Architectural rendering of the Imperia Tower, under construction as part of the Moscow International Business Centre

President Dmitri Medvedev said at a recent reception in the Moscow Kremlin that he aimed to convert our successful efforts in economic advancement into a higher standard of living. Russia has laid a solid political and economic foundation for its steadfast and uninterrupted advance. Because its gross domestic product has grown by about 8 percent a year, this country joined the ranks of the seven leading economies of this planet and aims to turn into one of the five best-developed nations. It has stopped losing money and boasts a heavy foreign investment. When the global financial crisis broke out, insignificant sums of money were transferred to foreign banks, but, the rate of foreign capital investment has since returned to the normal average of the pre-crisis years. Besides this, the Russian gold and currency reserves rank third after the Chinese and Japanese, which cushions unwelcome developments in the financial field and boosts Russian immunity to all kinds of shocks and cataclysms so typical of global crises.

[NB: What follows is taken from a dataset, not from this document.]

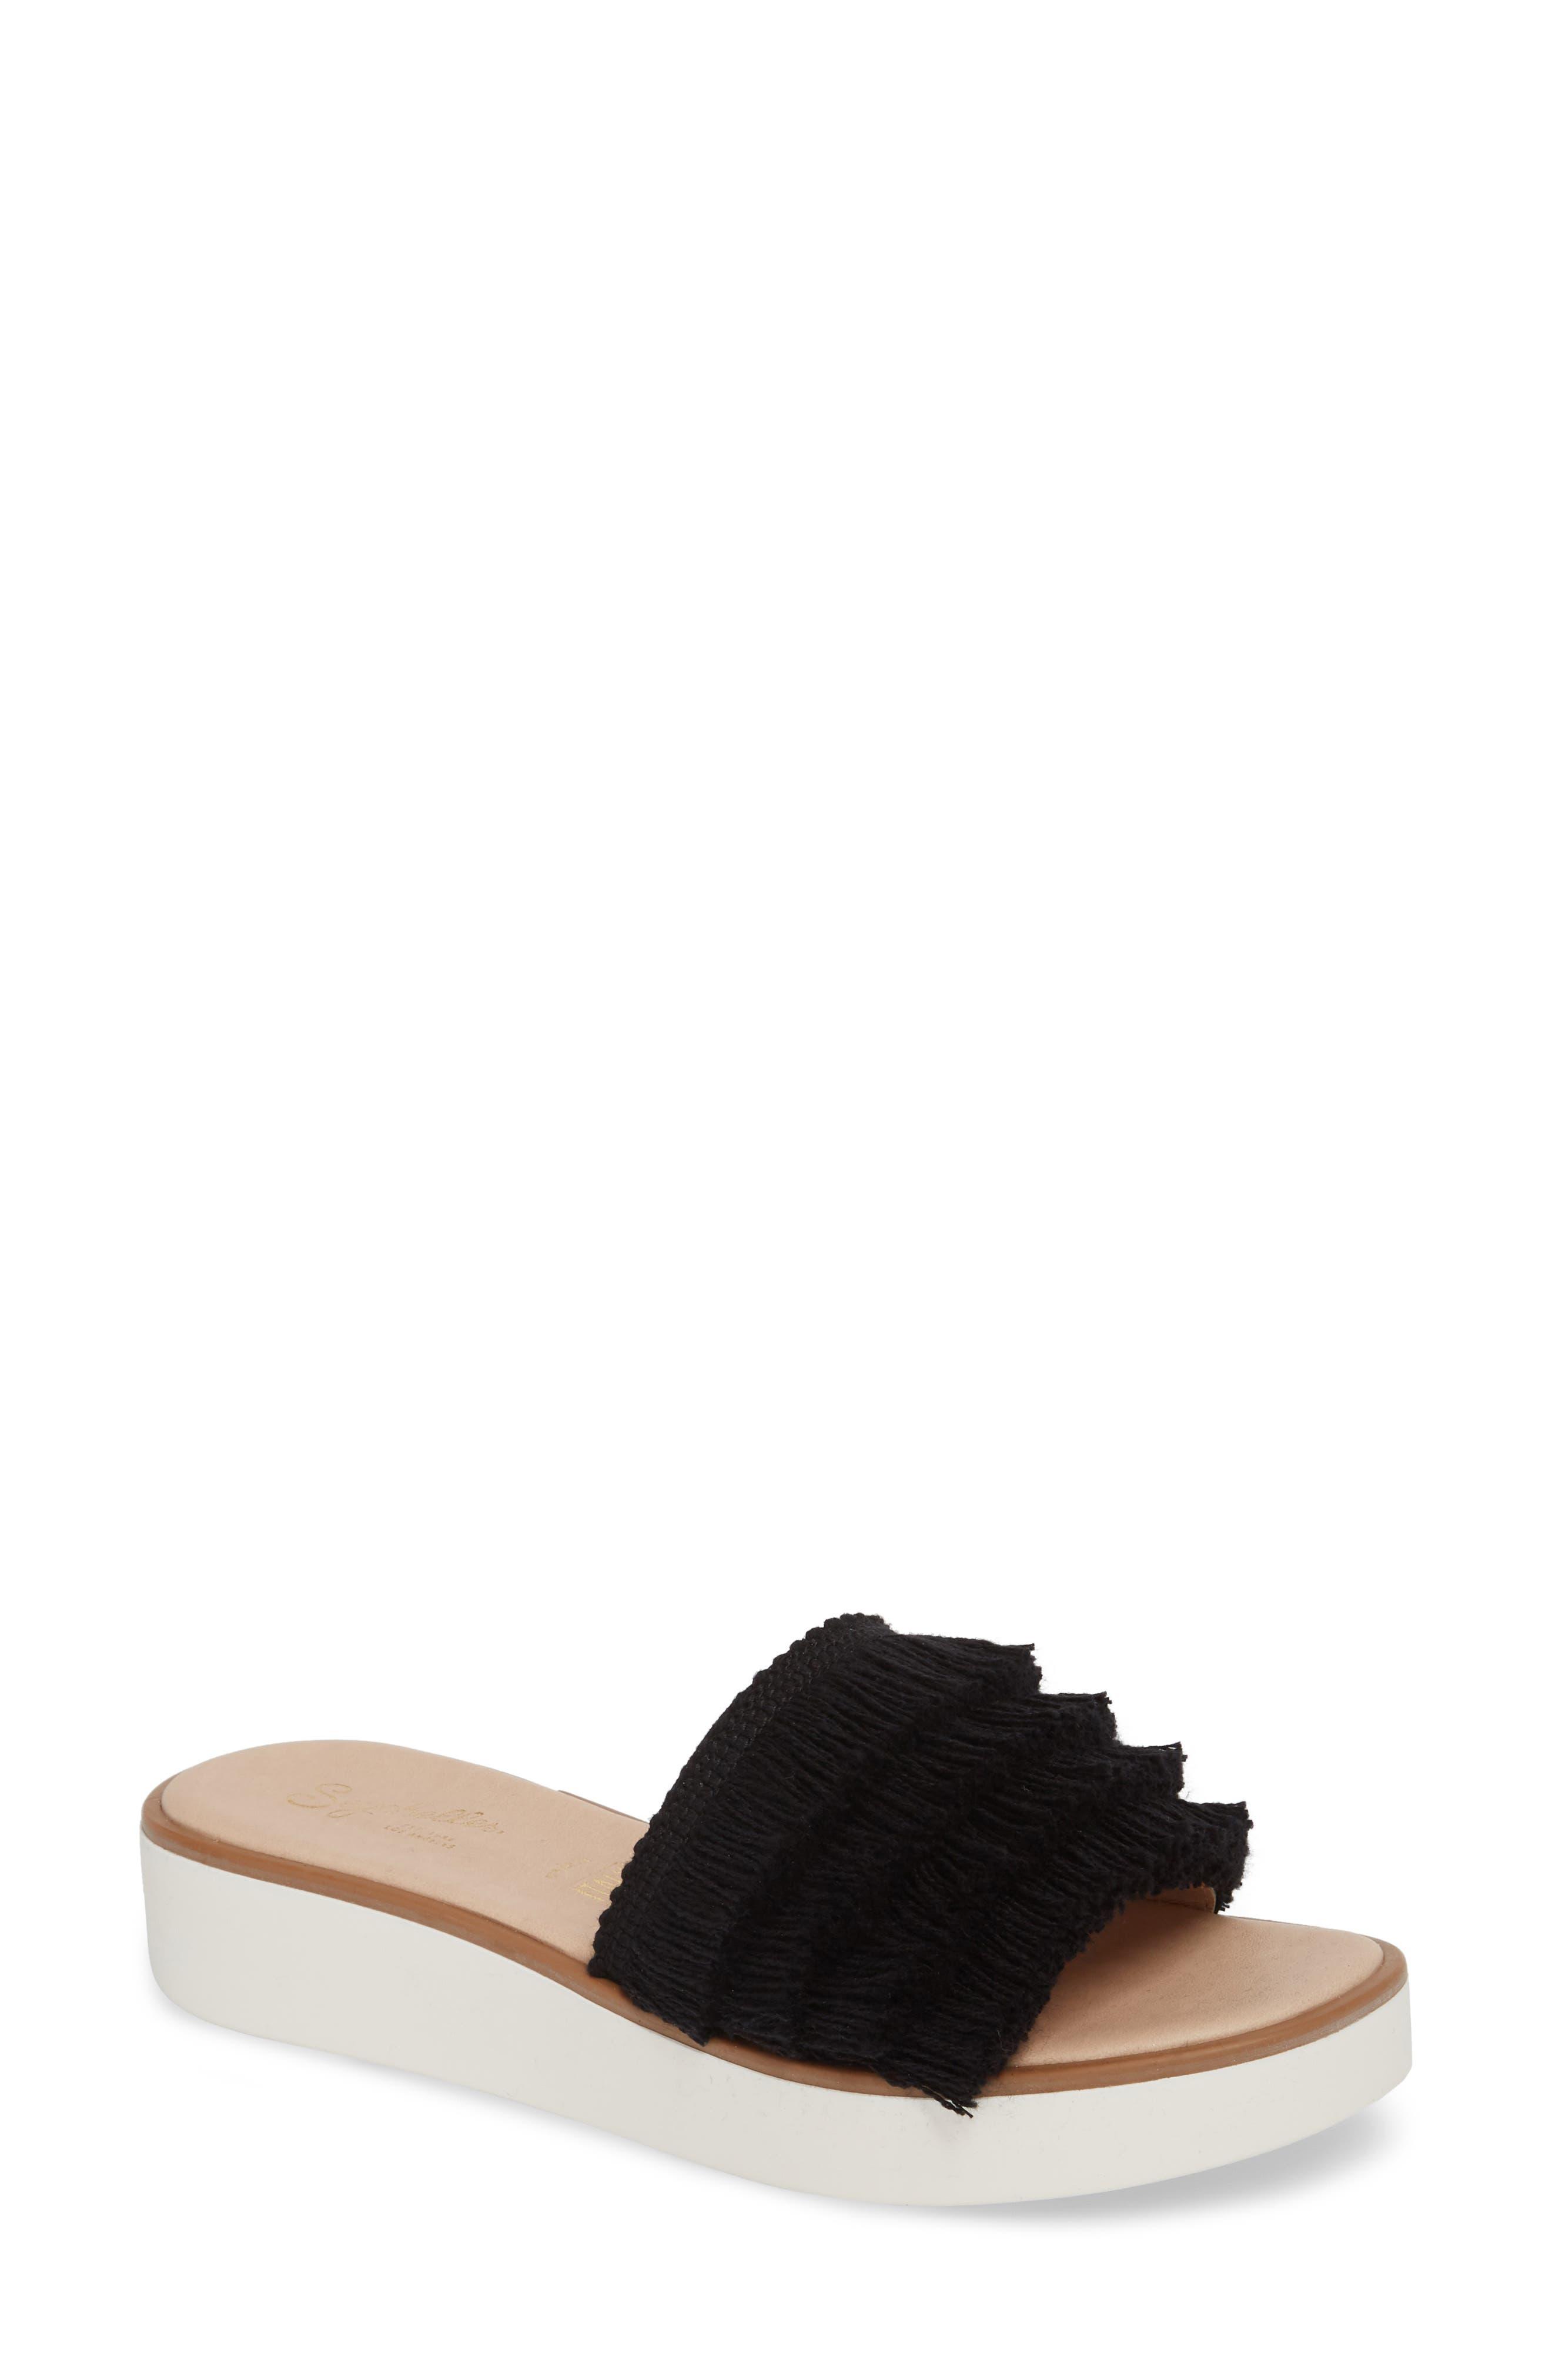 Women's Well Rested Slide Sandal
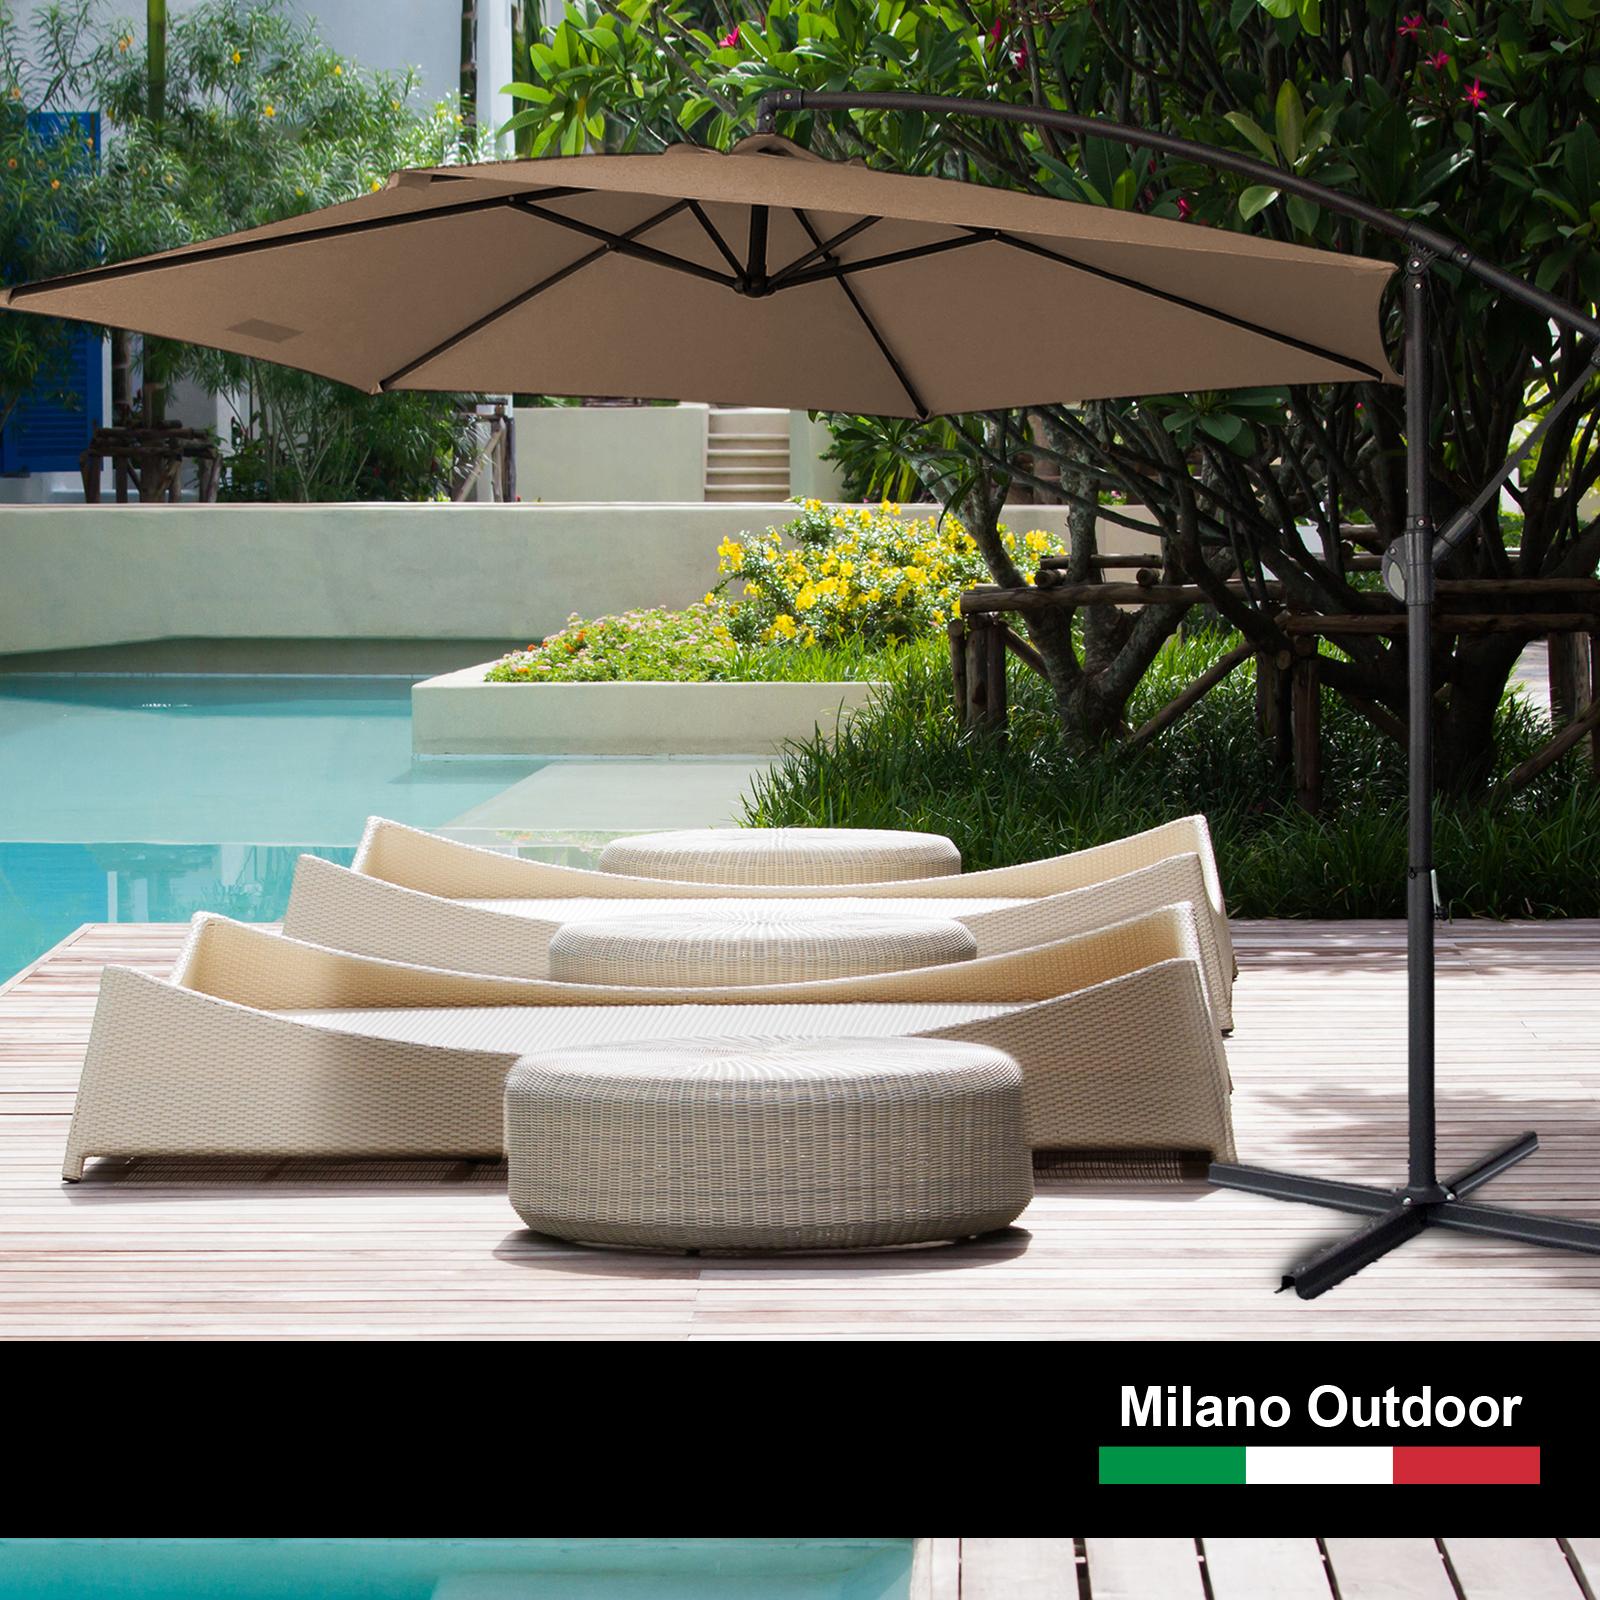 thumbnail 51 - Milano Outdoor 3 Metre Cantilever Umbrella UV Sunshade Garden Patio Deck

All of that explains why President Medvedev assigns a top priority to the conversion of our successful efforts to advance our economy into social programmes. Amongst these are improving our living standards, the levels of education and healthcare, and the intellectual and creative abilities of the Russian people. The President believes that the strength of the state lies in the strength of its people. “Russian leaders are quite aware that the free development of Russian society and the self-realisation of its people are the best basis for guaranteeing the intellectual and technological leadership of Russia. It shall ensure us a top level of competitiveness on the basis of creativity and major advances. These large-scale tasks can be fulfilled only by developing our capabilities and talents, increasing the value and prestige of creative and instructive activity, and a large influx of young people into education, culture, and science, of course”.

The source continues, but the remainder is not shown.